Abstract:
Speech recognition is the process of converting a speech signal to a sequence of words in the form of digital data, by means of an algorithm implemented as a computer program. Since speech recognition is probabilistic, the most probable decoding of the audio signal is output as the recognized text, but multiple hypotheses are considered during the process. One of the major challenges of speech recognition is the variability of speech. The speech recognition problem was soon considered a pattern recognition problem.
The Sinhala language‟s phoneme to grapheme relationship is quite straightforward. There is one to one mapping between phonemes and graphemes, without any exceptions.
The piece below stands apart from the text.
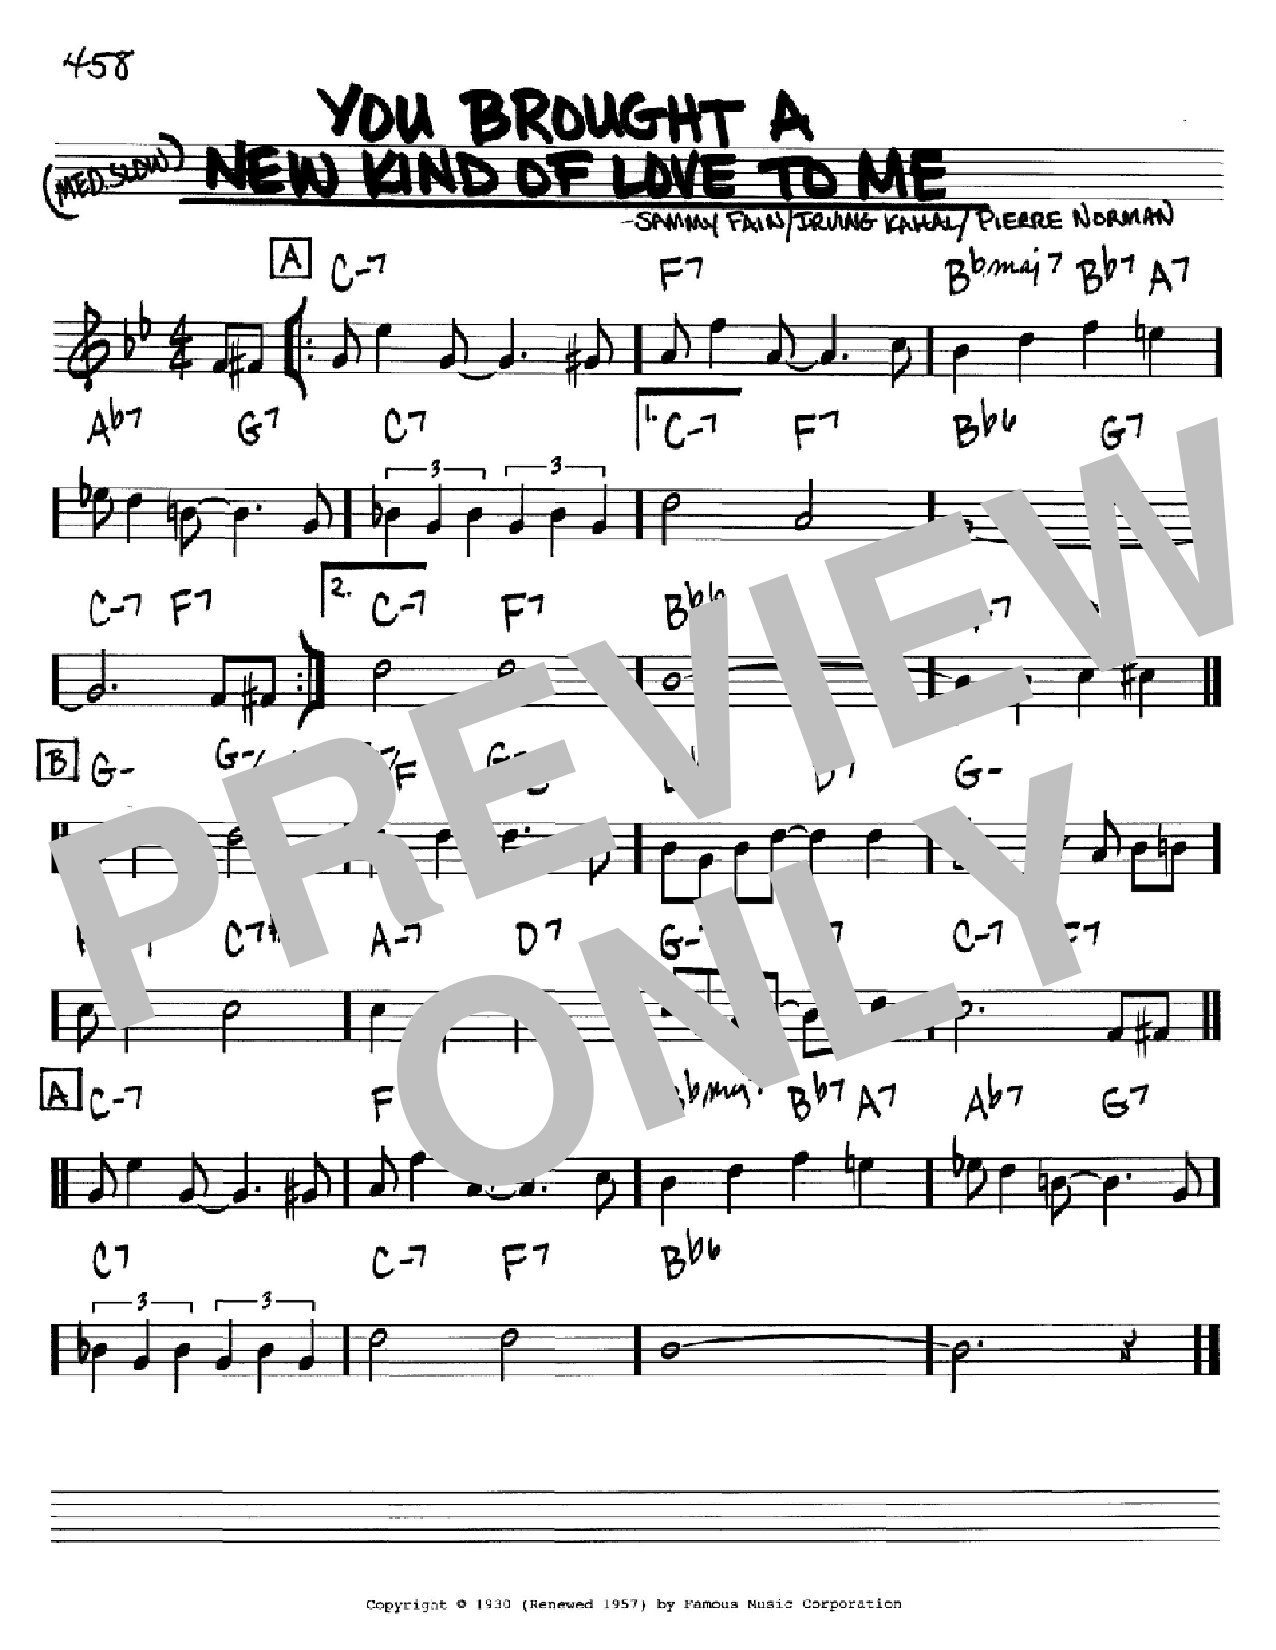 Download Frank Sinatra You Brought A New Kind Of Love To Me Sheet Music
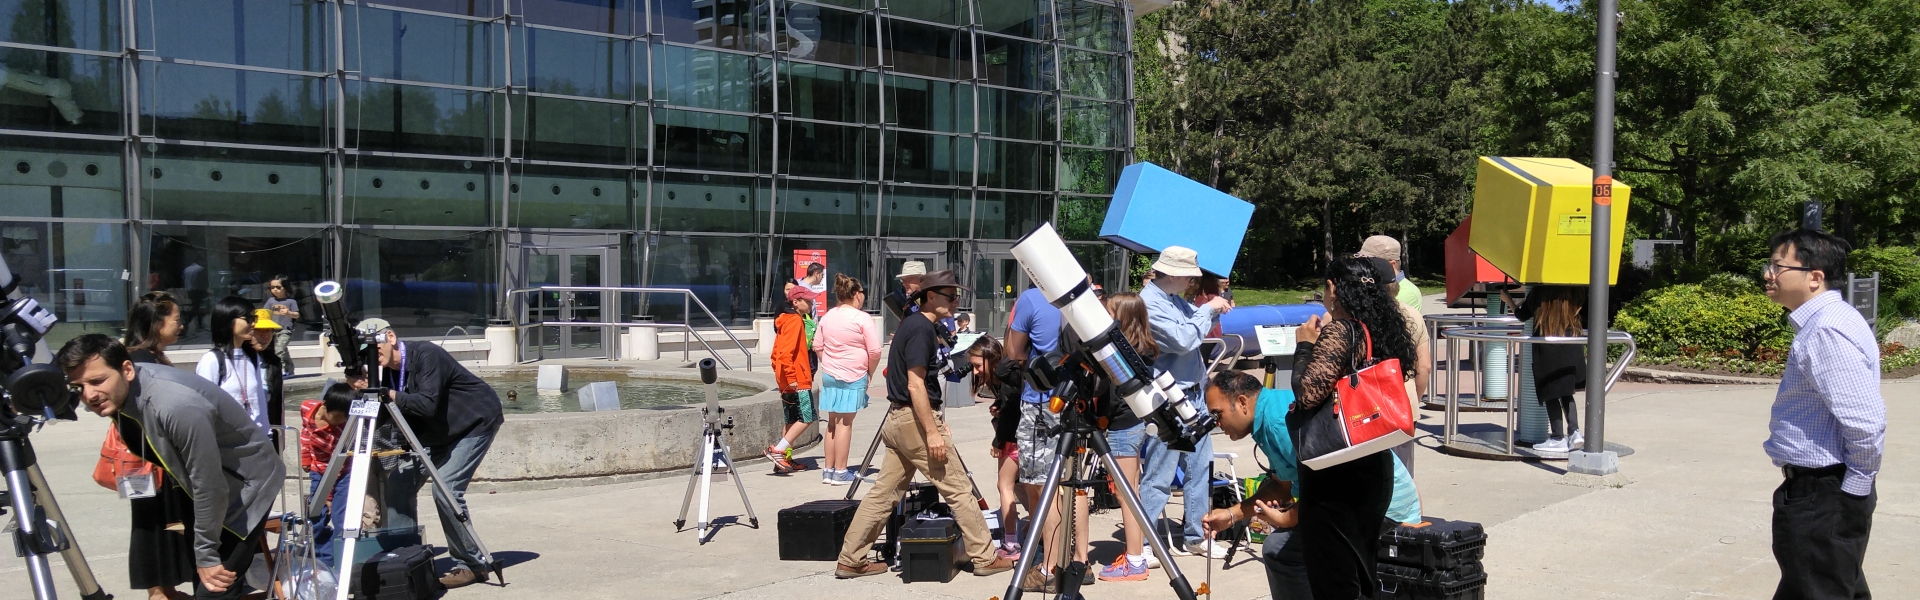 Free Solar Observation with the Royal Astronomical Society of Canada

The task we chose for the evaluation of our method is phoneme to grapheme transcription in the Sinhala language, which can also be regarded as straight speech recognition in which the acoustic model is perfect. In order to input speech to a computer, the user sends phoneme sequences to the computer. Then the computer indexes the grapheme values to the input phoneme or phoneme combination according to P2G matching algorithm. The output is the most appropriate character for the input phoneme or phoneme combination.
The implementation of phonemes assemble algorithm for the Sinhala language is performed on digitized phoneme database for phoneme to grapheme model. Traditional methodologies such as end point detection, zero crossing level and sound wave energy statistics were used for isolated phoneme recognition. The algorithm relied on „search a grapheme‟ but although not seen in phoneme stack, it can also make it to print. This poster will outline some of the previous attempts to construct such rule sets and will describe new and successful approaches to the construction of phonetic assemble algorithm for the Sinhala language.